CS 600 Solutions to Test II

November 17, 1998

1 Introduce slack variables x₃, x₄, and x₅to obtain

Max z = x₁ + 3x₂
Subject to
-x₁ - x₂ + x₃ = -2
x₁ - x₂ + x₄ = -1
2x₁ + x₂ + x₅ = 4
$x_{i} \geq 0$, i = 1, ..., 5.. If we choose x₁, and x₂ as non-basic variables, then it is not feasible since x₃, and x₄ are negative.

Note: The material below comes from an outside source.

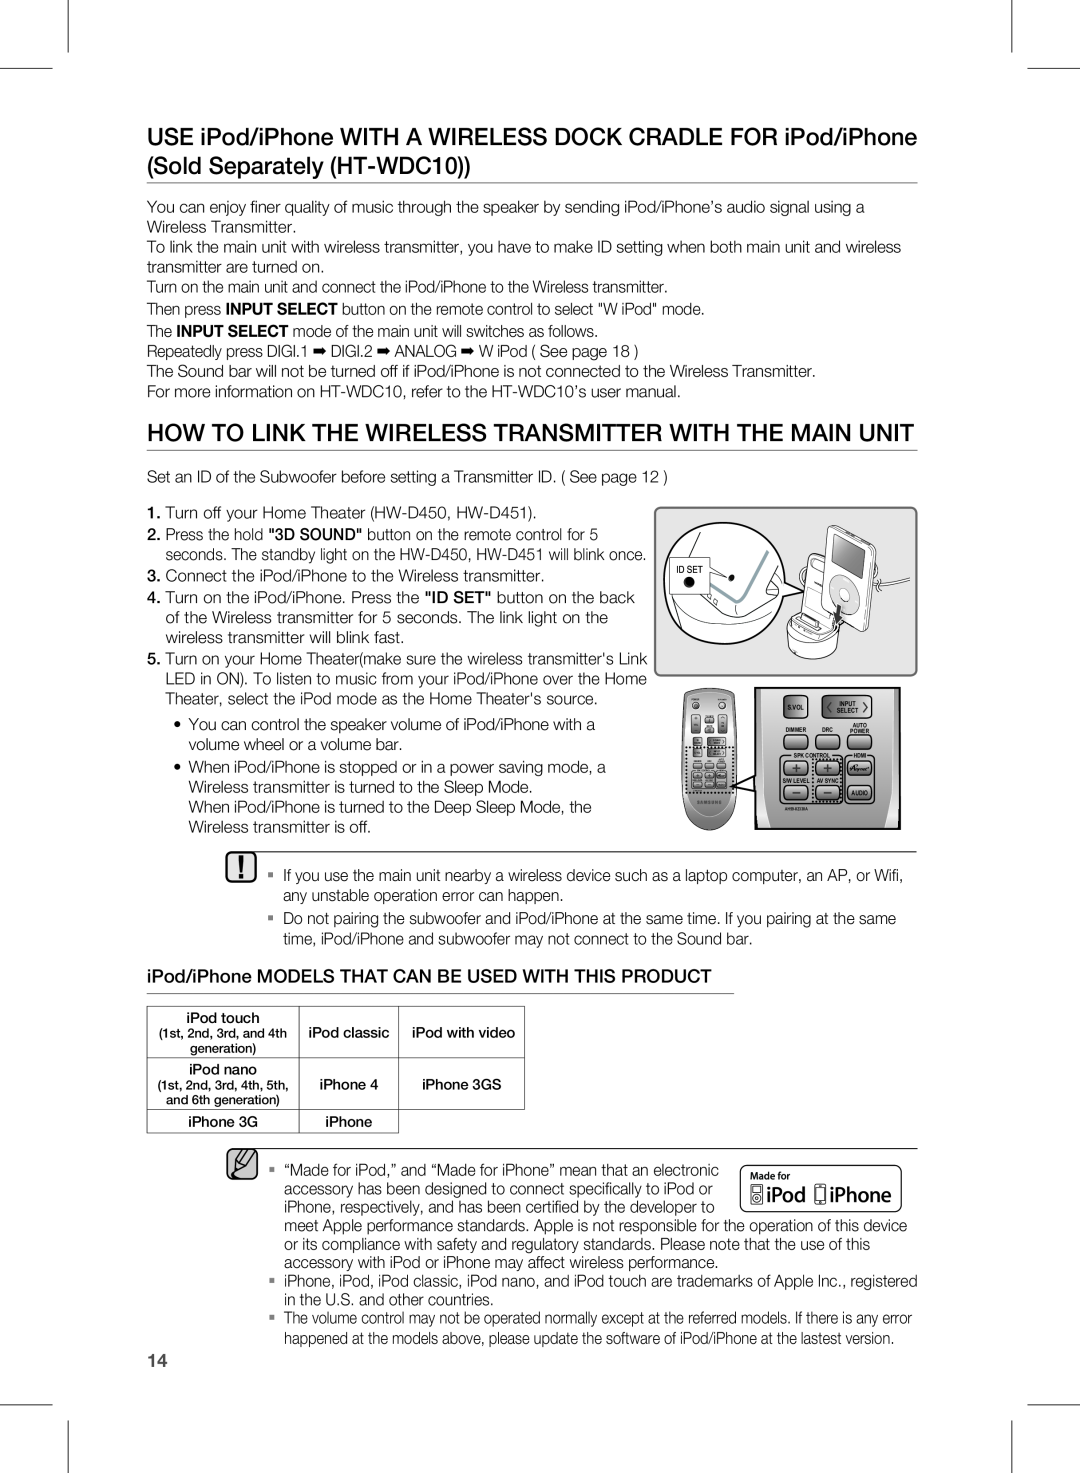 Siemens user manual Turn off your Home Theater HW-D450, HW-D451 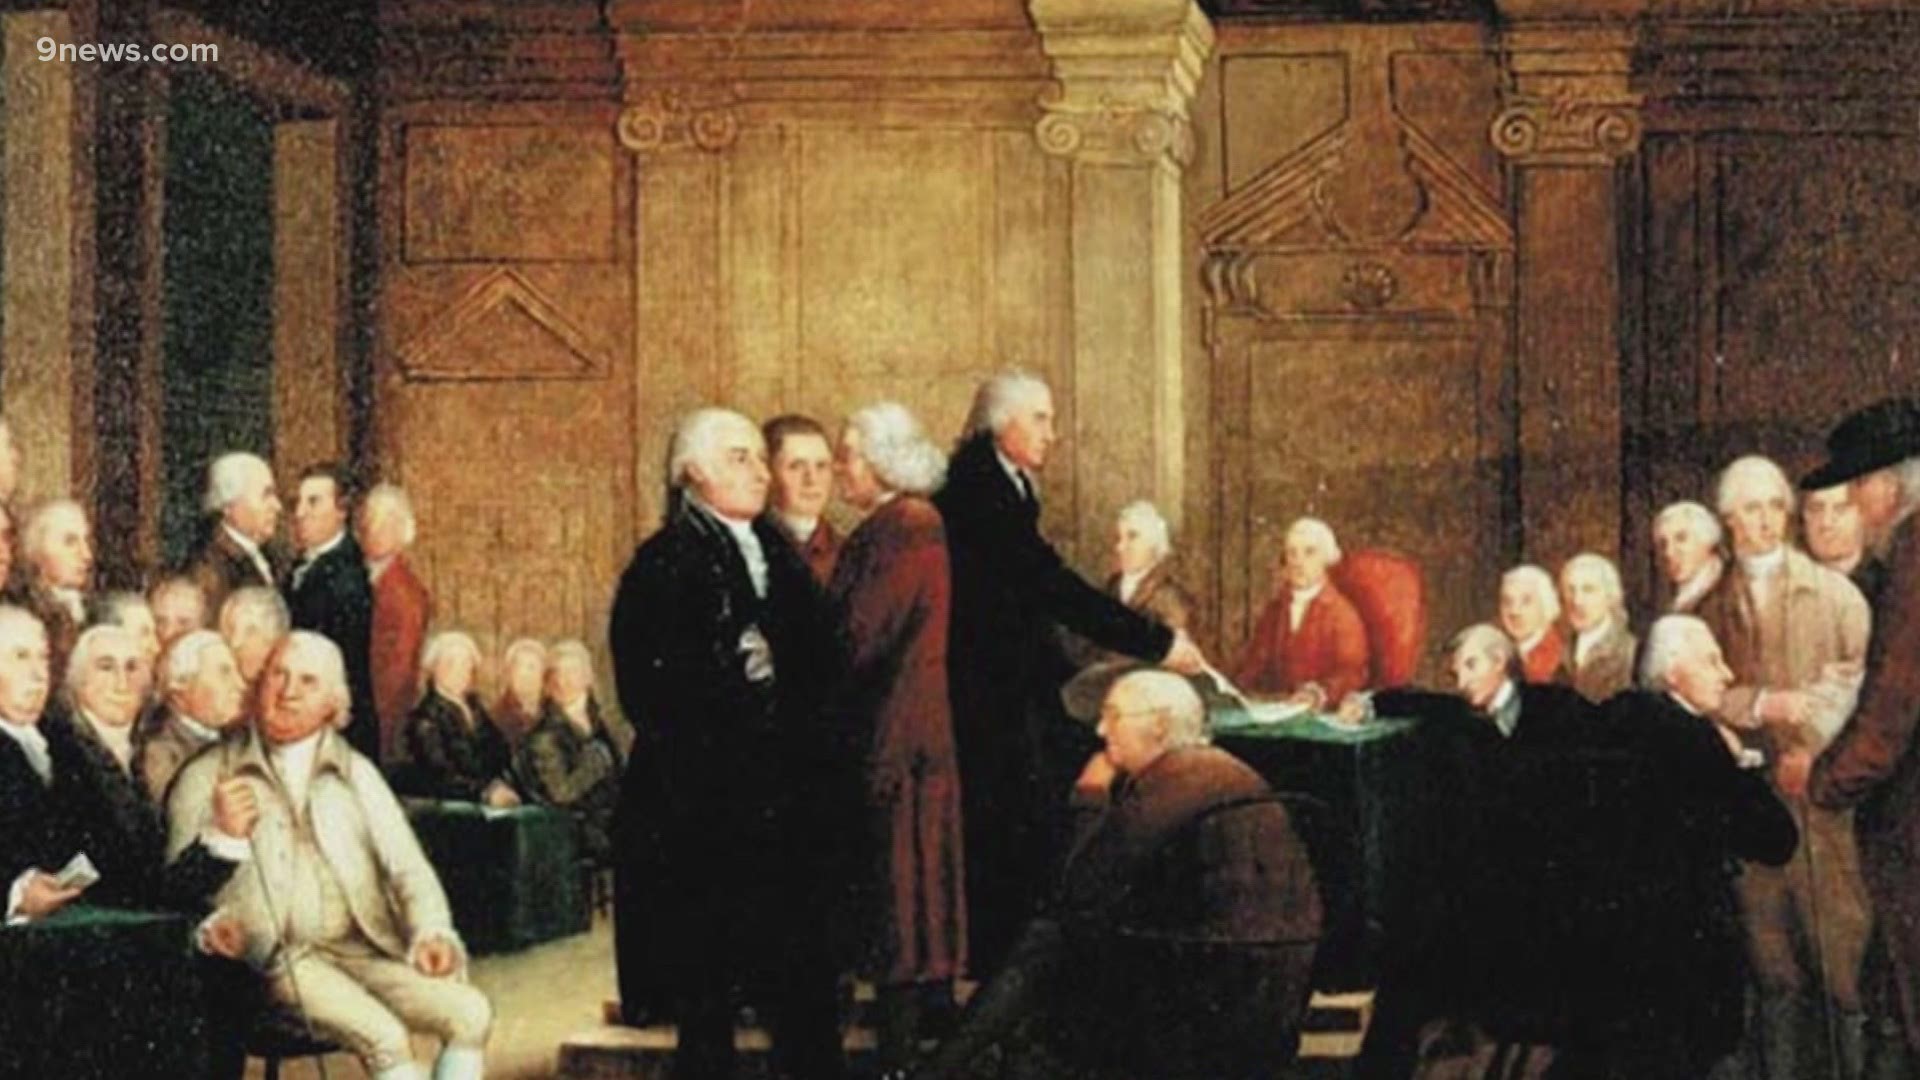 The Declaration of Independence was adopted by Congress on July 4, 1776, but delegates didn't start signing it until Aug. 2.

Let us find an initial feasible solution by introducing a new variable x₀, and solving the following LP problem:

Max z = -x₀
Subject to
$-x_{1} - x_{2} - x_{0} \leq -2$
$x_{1} - x_{2} - x_{0} \leq -1$
$2x_{1} + x_{2} - x_{0} \leq 4$
$x_{i} \geq 0$, i = 0, 1,2.. This can be solved starting with

Max z = -x₀
Subject to
-x₁ - x₂ - x₀ + x₃ = -2
x₁ - x₂ - x₀ + x₄ = -1
2x₁ + x₂ - x₀ + x₅ = 4
$x_{i} \geq 0$, i = 0, ..., 5..

If we select x₃, x₄, and x₅ as basic variables, it is not feasible as can be seen below.

x₃ = -2 + x₁ + x₂ + x₀
x₄ = -1 - x₁ + x₂ + x₀
x₅= 4 - 2x₁ - x₂ + x₀
z = -x₀.
$x_{i} \geq 0$, i = 0, ..., 5..

Select 2 for the initial value for x₀ while keeping x₁ and x₂ 0. Then the initial dictionary is

x₀ = 2 - x₁ - x₂ + x₃
x₄ = 1 - 2x₁ + x₃
x₅= 6 - 3x₁ - 2x₂ + x₃
z = -2 + x₁ + x₂ - x₃.
$x_{i} \geq 0$, i = 0, ..., 5.. Interchanging x₂ with x₀ for a new dictionary, we obtain

x₂ = 2 - x₁ - x₀ + x₃
x₄ = 1 - 2x₁ + x₃
x₅= 2 - x₁ + 2x₀ - x₃
z = -x₀.

Thus the original problem is feasible, and an initial feasible solution for the original problem is

x₀ = 0, x₁ = 0, x₂ = 2, x₃= 0, x₄ = 1, and x₅ = 2.

2 a) The dual is

Max 5y₁ + 8y₂
Subject to
$y_{1} + 2y_{2} \leq 8$
$-y_{1} + y_{2} \leq 3$
$3y_{1} + y_{2} \leq 9$
$2y_{1} -2 y_{2} \leq 3$
$y_{1}, y_{2} \geq 0$

b) Draw a graph of the feasible region and also two or three positions of z = c lines for the objective function. By sliding up the line z = c we can see that z is maximum at y₁ = 2, y₂ = 3, and z = 34.

3 a) Let f₁(x₁) = 4x₁ - x₁², and
f₂(x₂) = 4x₂ - x₂³.

Then f's can be approximated by

f₁(x₁₁,x₁₂,x₁₃) = 3x₁₁ + x₁₂ - x₁₃, and
f₂(x₂₁,x₂₂,x₂₃) = 3x₂₁ -3x₂₂ -15x₂₃,

where $0 \leq x_{ij} \leq 1$ and x_ij = 0 if x_ij-1 < 1for all i and j, i = 1,2, and j = 1,2,3.

Hence the approximation problem is

Max z = 3x₁₁ + x₁₂ - x₁₃ + 3x₂₁ -3x₂₂ -15x₂₃
Subject to
$2(x_{11} + x_{12} + x_{13}) + 5(x_{21} + x_{22} + x_{23}) \leq 14$
$3(x_{11} + x_{12} + x_{13}) + (x_{21} + x_{22} + x_{23}) \leq 8$
$0 \leq x_{ij} \leq 1$ for all i and j, i = 1,2, and j = 1,2,3.

b) Let x_ij = 0 for all i and j, i = 1,2, and j = 1,2,3, and let all the slack variables a basic variable.